Authors: Bronwyn Parry
‘He’s breathing okay, Paul, and his heart-rate and blood pressure are stable,’ Beth said. ‘The ambulance will be here in a couple of minutes. Do you want to go in to Birraga with him?’
‘I can’t yet. Jenn, can you go with him? I’ll come in as soon as I’m finished here.’
‘I don’t—’
I don’t want to.
Jenn bit back the words and nodded. ‘Yes. I can do that.’ Her fingers closed around her car keys in her pocket, and she handed them to Paul. ‘If my car is okay, could you bring in my bag? I’ll need my wallet and my phone if possible.’
Paul nodded, giving his father’s uninjured shoulder a brief squeeze before he turned away, stony-faced, back to his duties.
Jenn watched her uncle’s chest rise and fall. Too many years since she’d seen him, and age and worry had greyed his hair, carved lines into his face. Barrett men didn’t do emotion but Jim had always been kind to her in his own way. Unlike his brother and sister-in-law, who had scarcely given a damn about the orphan niece in their care.
She wasn’t much good at emotion either – dealing with it or expressing it – but she reached out and gently clasped his rough, work-worn hand, avoiding the bruising that darkened his knuckles. ‘Your boys still need you, Jim,’ she murmured. ‘So, don’t you dare die, you hear me?’
A jet of water hit the
corrugated-iron roof in a roar of hissing steam, the sounds melding with the rumble of pumps and engines and the rolling thunder of the flames into a nightmare cacophony, drowning out all but the most immediate thoughts.

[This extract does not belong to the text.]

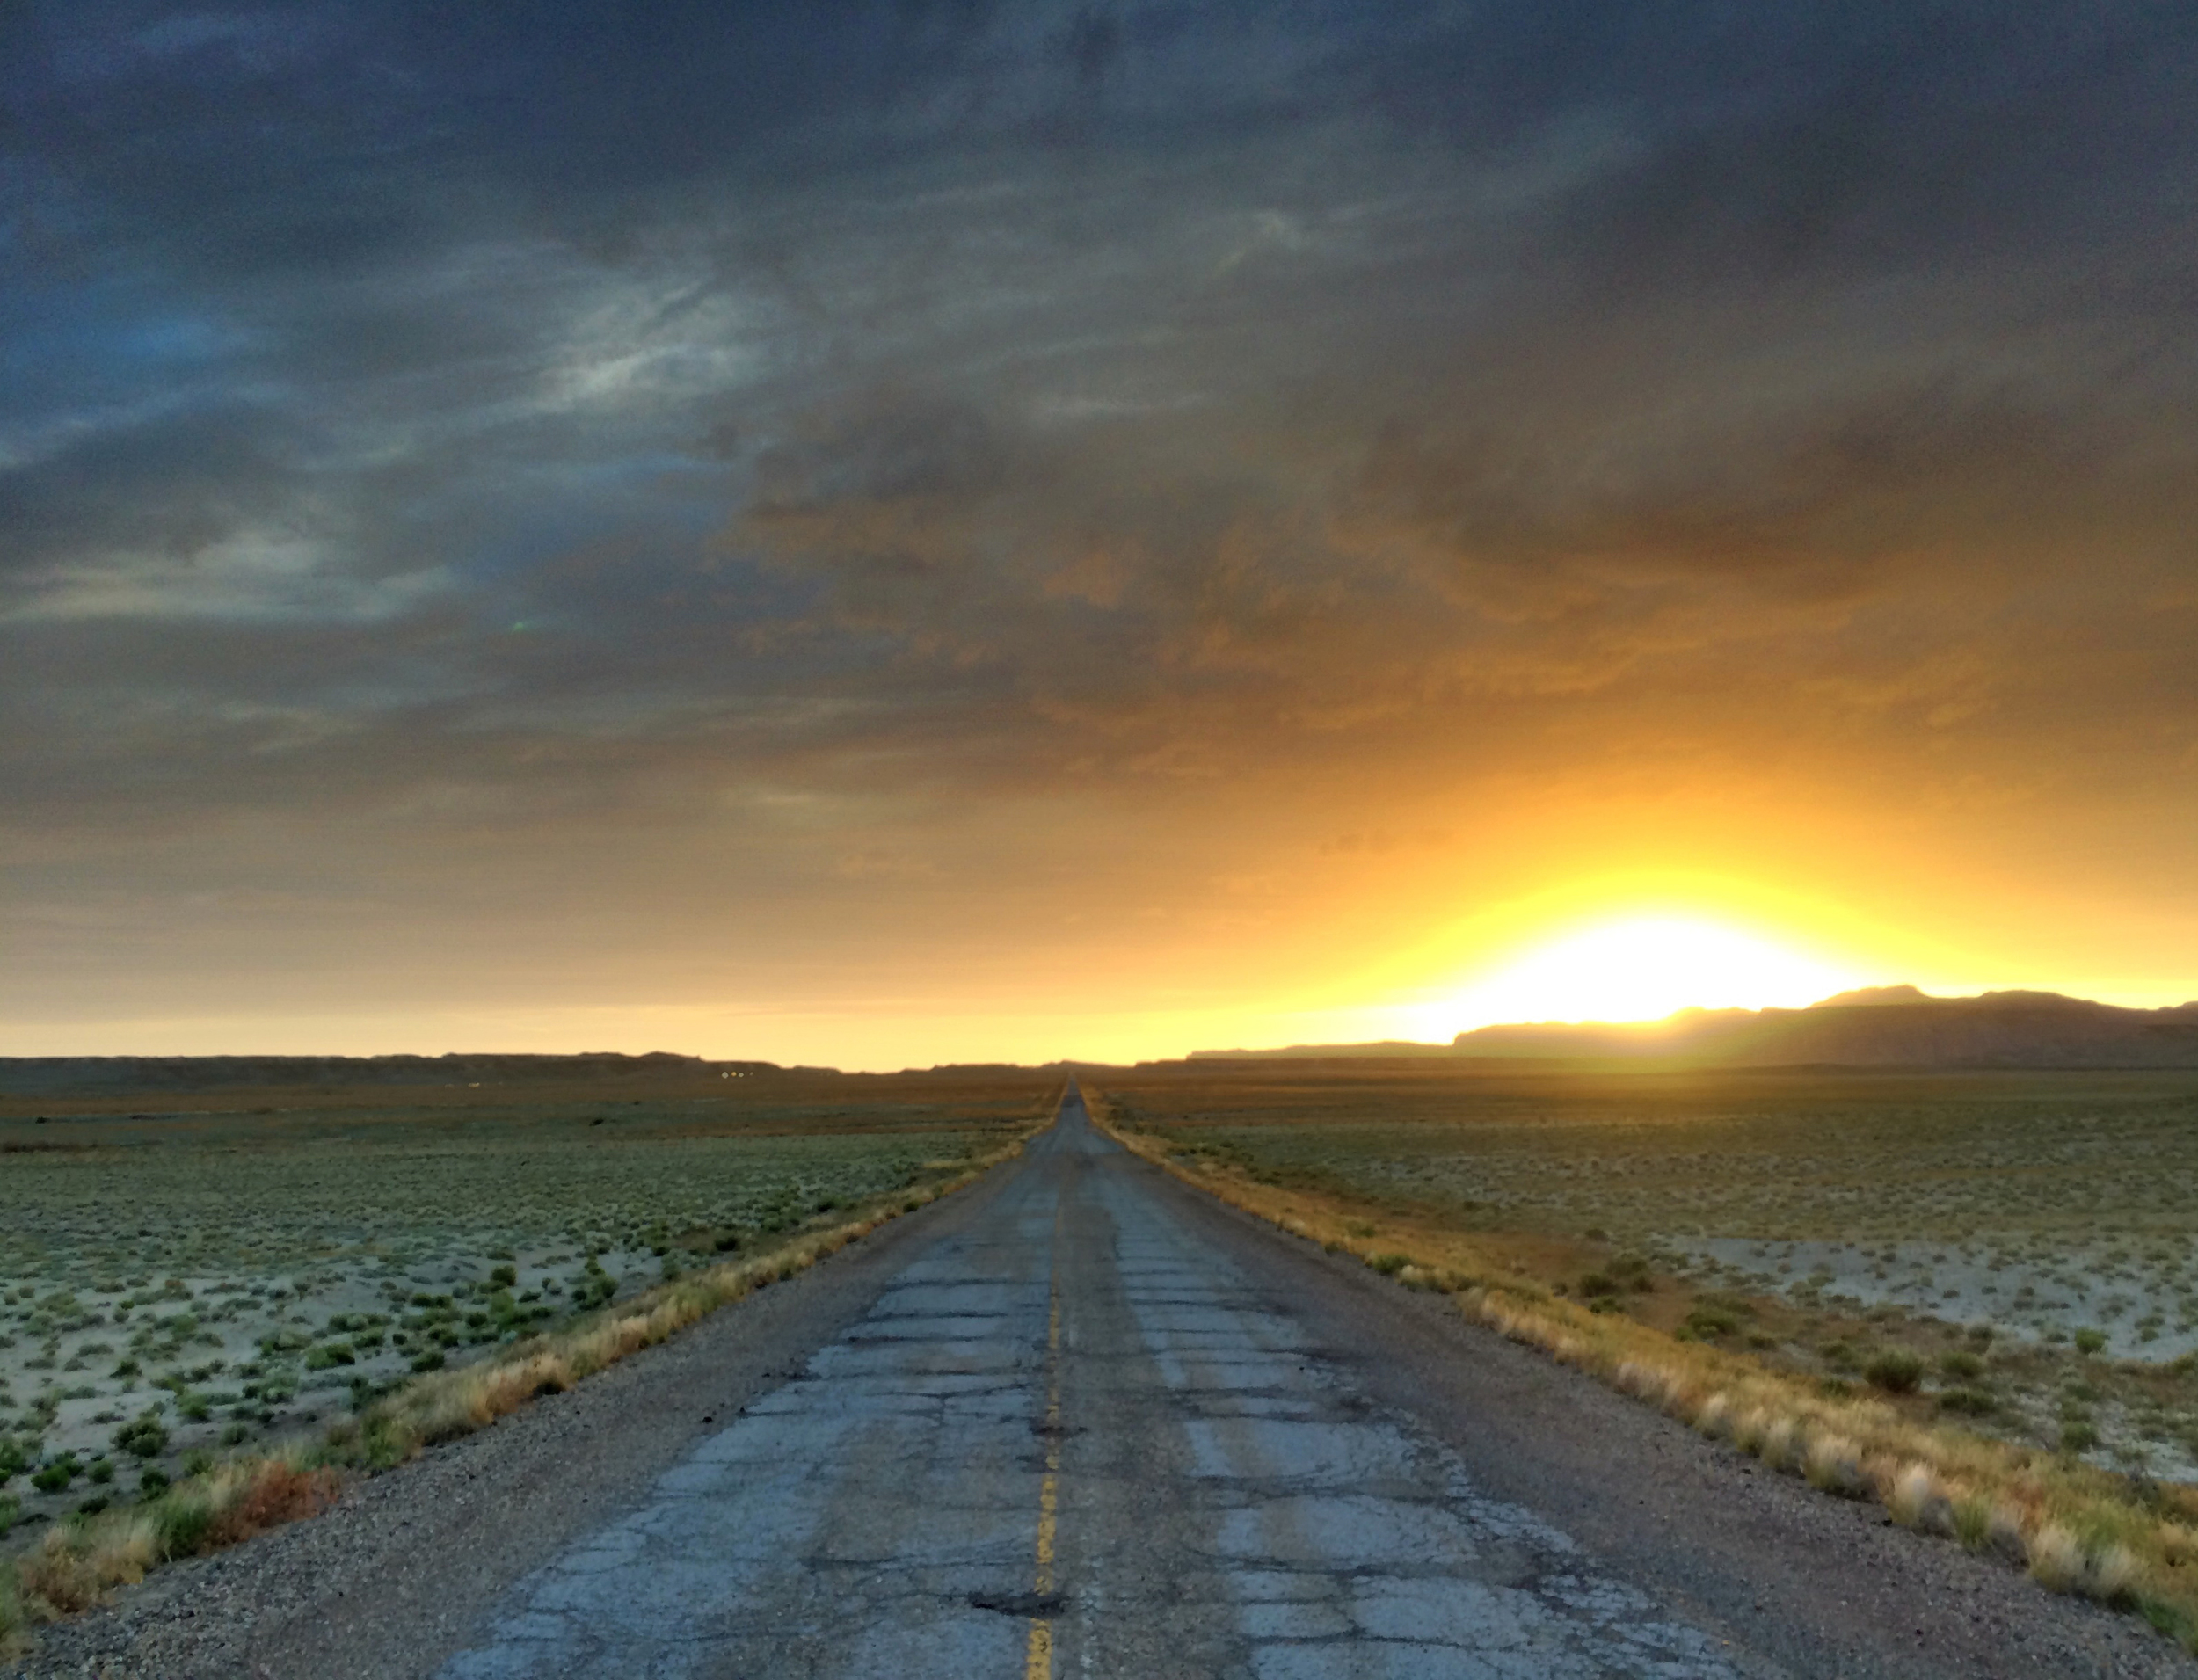 LONESOME HIGHWAY : Taken somewhere in between Colorado and Utah.

Sweltering in his fire-fighting gear, Mark targeted his hose at the burning rubble inside his office. Beams and twisted iron from the collapsed roof piled high on the remains of furniture and walls.
The RFS crews from Dungirri and Birraga aimed at the roof with their higher-pressure hoses, fighting to control the fire spreading through and consuming the old wooden beams. The entire original section of the homestead might be lost, maybe more. The knowledge drove them all – as did the forecast threat of westerly winds during the evening, and dry paddocks all around that a single ember could ignite.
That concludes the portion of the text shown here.